Una noche, harto de oír a aquellos viejos soltar frases deshilachadas sobre hospitales psiquiátricos y barrios miserables donde los padres dejaban sin leche a sus hijos por seguir a su equipo en desplazamientos legendarios, les preguntó qué opinión tenían sobre la política. Los gauchos, al principio, se mostraron renuentes a hablar de política, pero, tras animarlos, al final resultó que todos ellos, de una forma o de otra, añoraban al general Perón.
Hasta aquí podemos llegar, dijo Pereda, y sacó su cuchillo. Durante unos segundos pensó que los gauchos harían lo mismo y que aquella noche se iba a cifrar su destino, pero los viejos retrocedieron temerosos y le preguntaron, por Dios, qué le pasaba, qué le habían hecho ellos, qué mosca le había picado. La luz de la fogata concedía a sus rostros un aspecto atigrado, pero Pereda, temblando con el cuchillo en la mano, pensó que la culpa argentina o la culpa latinoamericana los había transformado en gatos. Por eso en vez de vacas hay conejos, se dijo a sí mismo mientras se daba la vuelta y se dirigía a su habitación.

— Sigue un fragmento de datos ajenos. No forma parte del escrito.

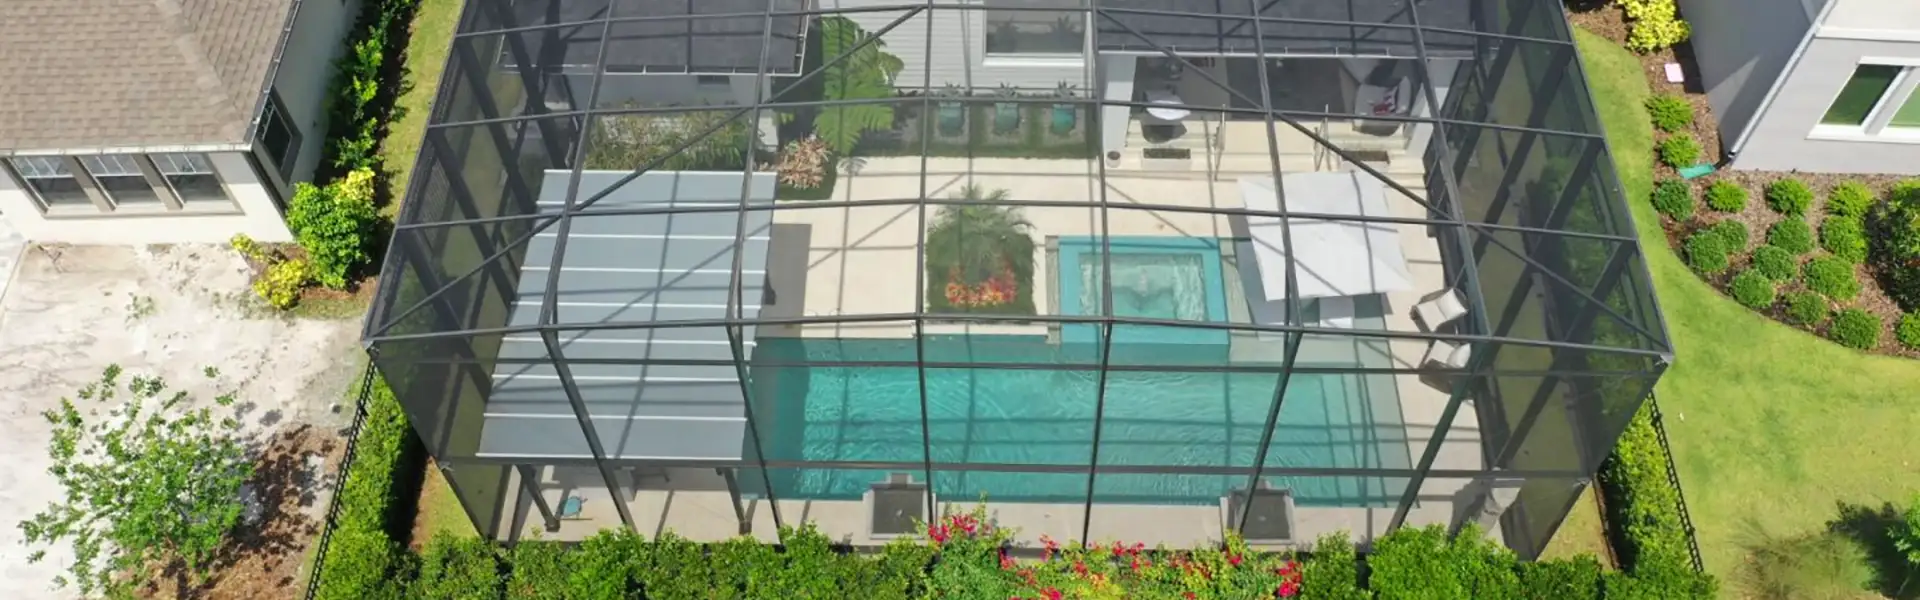 How to Build a Pool Enclosure

No los carneo aquí mismo porque me dan pena, les gritó.
A la mañana siguiente temió que los gauchos hubieran regresado a Capitán Jourdan, pero los encontró a todos, algunos trabajando en el patio, otros mateando junto a la fogata, como si no hubiera pasado nada. Pocos días después llegó la polleruda de la estancia del oeste y Álamo Negro empezó a progresar, empezando por la comida, pues la mujer sabía cómo cocinar de diez maneras diferentes un conejo, dónde encontrar especias, cuál era la técnica para hacer un huerto y así tener verduras y hortalizas.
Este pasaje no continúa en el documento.